Slugs coming through the floorboards. Constant surveillance. Volatility and vulnerability. We need to start being honest about the state of renting in modern Britain. As more and more millennials see home ownership becoming completely out of reach, renting is becoming the default status for most young people — maybe forever. And while they live at the mercy of landlords, completely unacceptable circumstances are becoming the norm.
“I didn’t have long to find new digs, so settled on the first room I could afford – in what might as well be the house that George Orwell built,” Daniel Lavelle writes in the Guardian. “This beige box in east London sets me back £450 a month – a steal in the capital, but if I stand in the middle of my glorified closet I can touch both sides with my fingertips. Big Brother awaits beyond my threshold, as every corner of the house is watched by surveillance cameras, surveyed by the landlord and his staff from an office adjacent to the property.”

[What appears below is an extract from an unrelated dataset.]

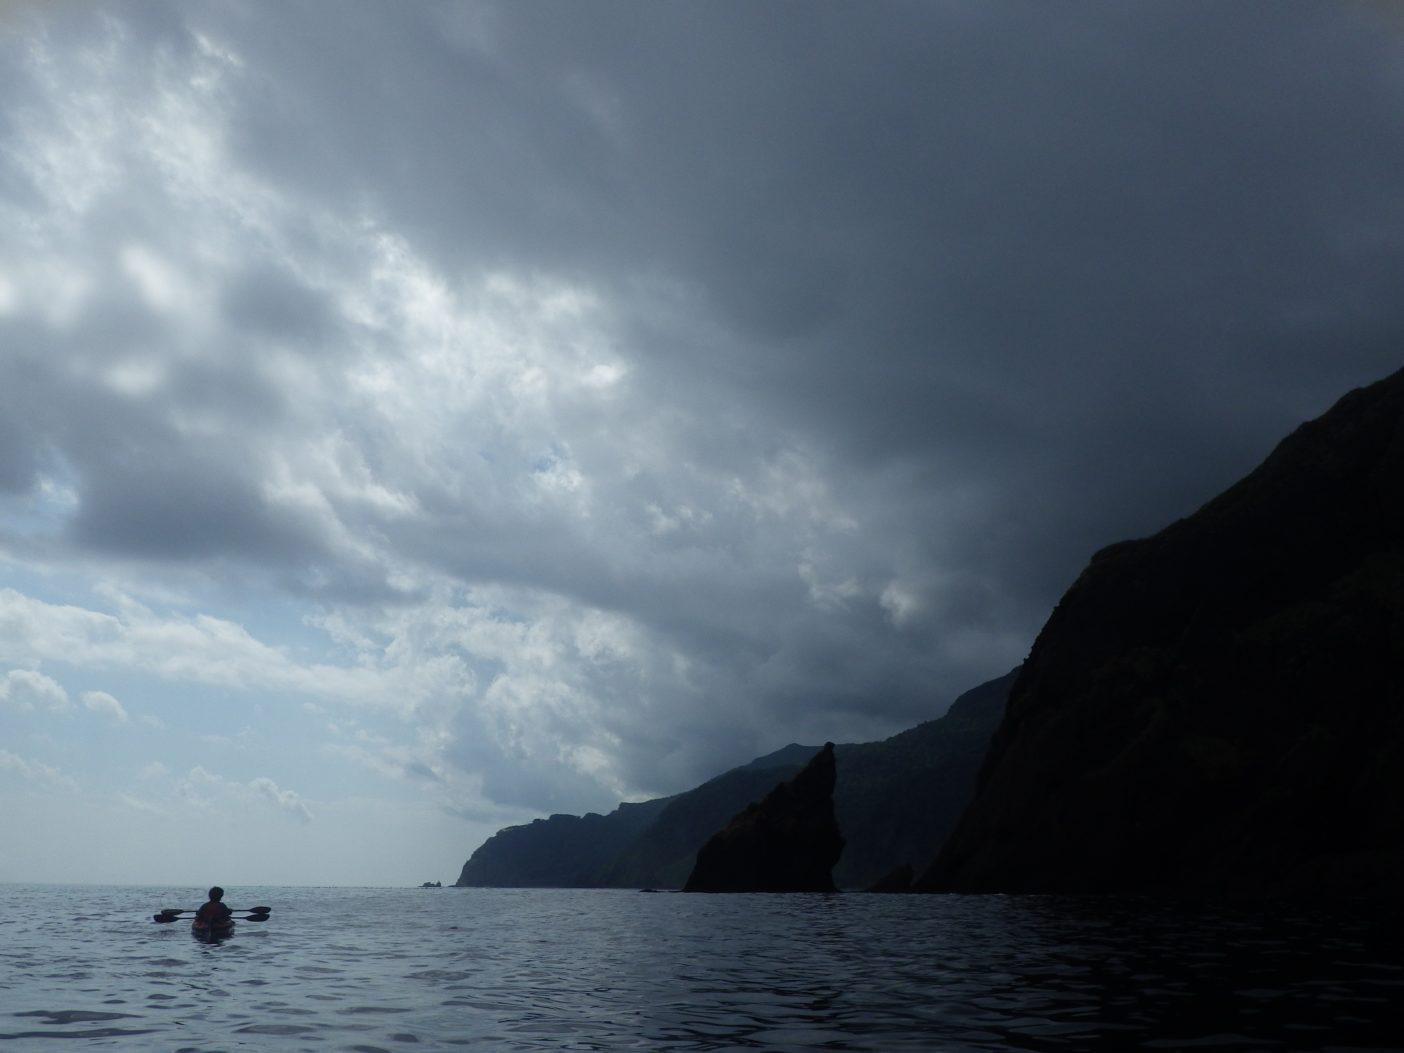 変わりやすい知床の空の下、つかの間の休憩。写真:島田和彦

This experience is far from abnormal. “The last straw was when [the landlord] rented our house out to a film crew,” one millennial said. “I came home from work to find [the landlord] in the flat, just pottering about,” another explains. “He used our garden for his DIY projects. He was always there, hammering away; it was just constant annoyance really.” And this treatment, though unacceptable for anyone, is no longer being relegated to just young people. With the number of middle-age renters doubling over the last decade and housing prices continuing to dance out of reach, the squalid living often associated with university are extending into people’s 30s, 40s, and even beyond.

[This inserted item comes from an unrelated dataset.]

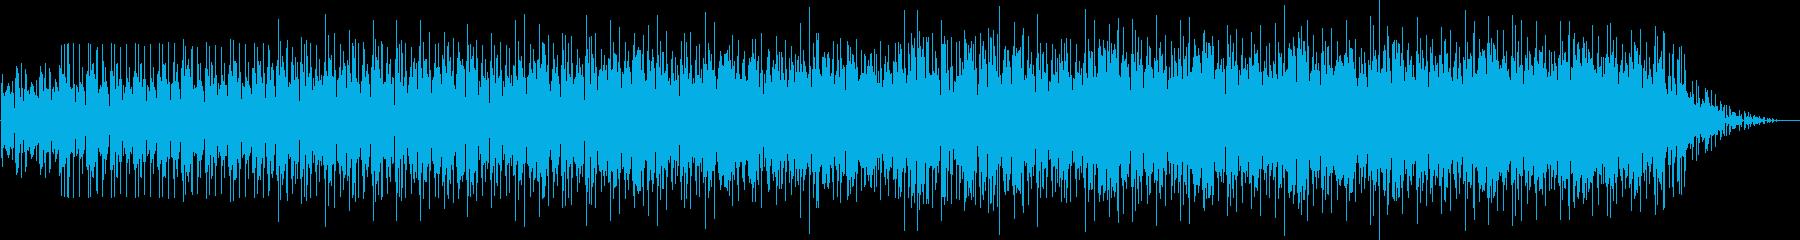 劇伴 ドライブ感のあるミニマルテクノの再生済みの波形

Huge drop in home ownership over last 20 years, particularly in London – key reason is inability to save due to high rents – this is why we need a rent cap!https://t.co/Ytd5UdXLif #rentcap #London #affordablehousing #UKhousing #generationrent
— London Rent Cap (@LondonRentCap) February 18, 2018
Although it can seem like there’s a different housing horror story in the headlines every week, these situations are far more serious than just clickbait. It’s time to recognize that these are not just catchy articles or a chance to revel in schadenfreude, but the day-to-day reality of hundreds of thousands, if not millions, of renters across the UK. In order to protect vulnerable tenants, the government needs to acknowledge the inequitable, bleak reality of the landlord-tenant relationship. And only then can they start to change it.